The species with the highest ability to create fodder of Dactylis glomerata significantly decreased fodder
production and formation of above-ground shoots due to reduced precipitation in meadow utilization. A
simile trend was also observed in the utilization in Festuca pratensis. The lowest reduction in production
due to drought appeared in Lolium perenne.
Key Words: Drought, Dactylis, Festuca, Lolium
In recent years, the increasingly frequent topic is climate change. This change (rising
temperatures, lengthening of the growing season, increasing evaporation) significantly affects
agricultural production in traditional production areas of Central Europe, as illustrated by example better
results in growing of corn on its northern or upper height limit. Changes in the amounts and timing of
rainfall events will probably affect ecosystem processes, including those that control carbon (C) cycling
and storage. In relation to the ongoing global warming, it is desirable to test resistance
of grass species to a lack of moisture. Seasonal variation in precipitation and temperature are important
controls of soil and plant processes in grasslands (Fiala et al. 2012).

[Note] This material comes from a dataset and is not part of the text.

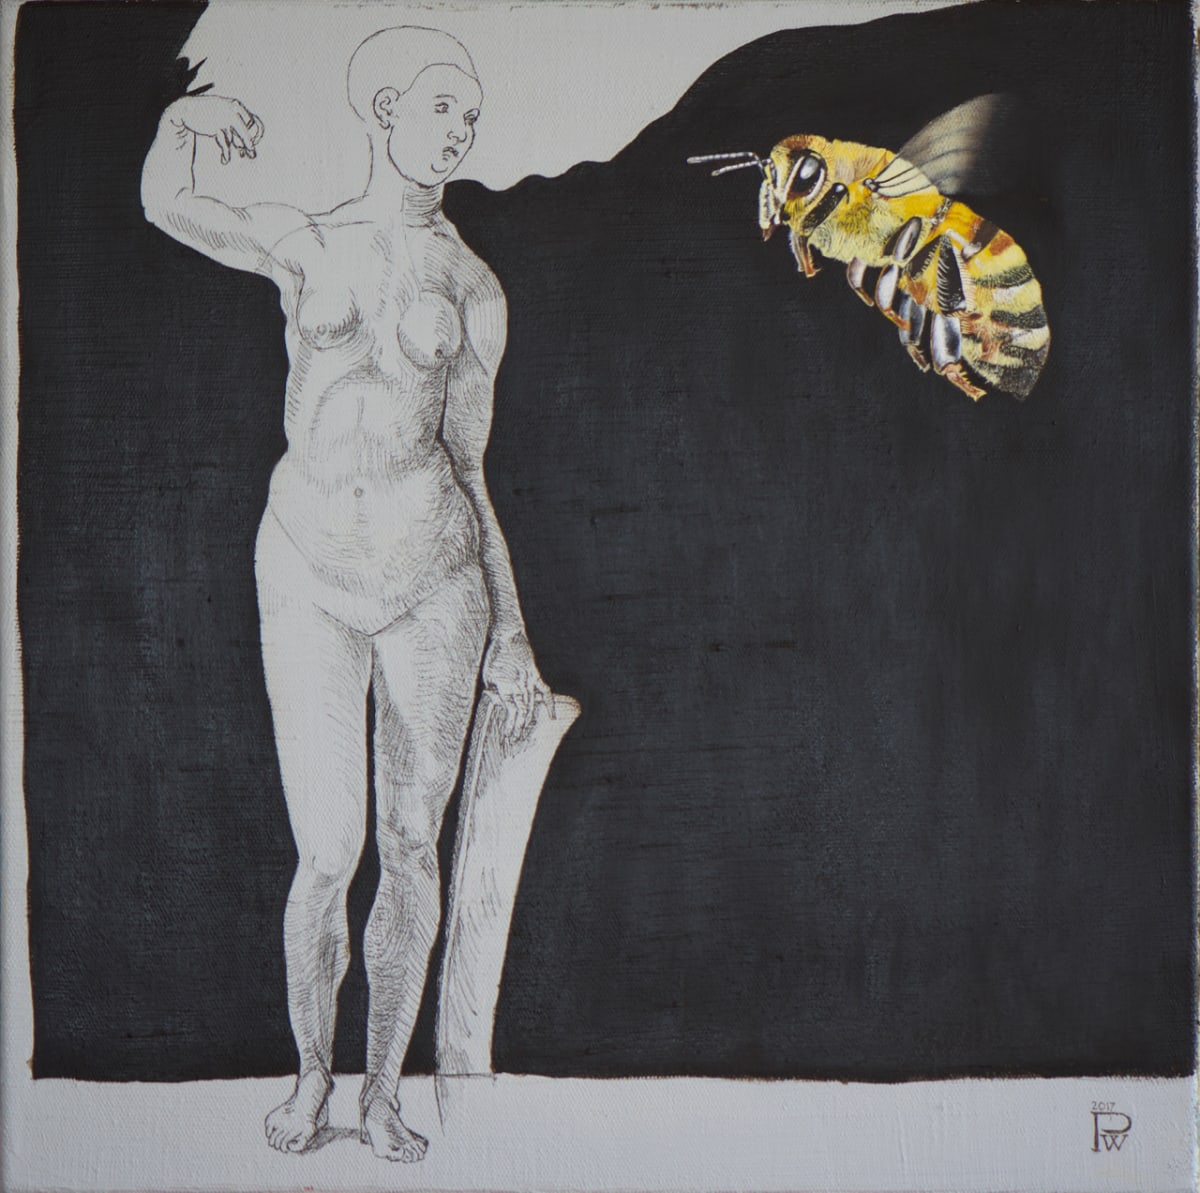 Woman and the bee / Femme et abeille by Philippe Walker  Image: Composition based on drawing by A Dürer

Many species respond to drought by maintaining high water potential by reducing water losses or
better adsorption. Limitation of water losses can be reduced in the development of water stress
by rolling the leaves or fast closing stomata. The plants, however, not only reduce transpiration, but also
reduce photosynthesis and thus growth and development (Xu et al. 2006). Interaction of drought stress
with high temperature has a greater effect than the damaging effects of each stressor separately. There
is a loss of water by transpiration required for cooling and thus faster drying (Jiang, Huang 2001).
Almost a third of the fresh water that is consumed in Europe is used in agriculture, mostly
for irrigation (Flörkea, Alfami 2004).
A high water demand for creation of grass production is found in Novak (2008). The range
of transpiration coefficient of 600–800 l of water for production of 1 kg of dry matter of foyer points to
the differences between grass species. Rychnovska (1993) gives the daily maximum of transpiration in
production grasses (cock’s-foot, meadow fescue, timothy-grass) at the level of 10–30 mg· g−l of dry
matter per minute, and in case of grasses of hygrophyte character up to 60 mg· g−l of dry matter per
minute. On hot days, high evaporation causes a so-called saturation water deficit in grassland amounting
to ca. 20% of the water needs even if there is sufficient moisture in the soil.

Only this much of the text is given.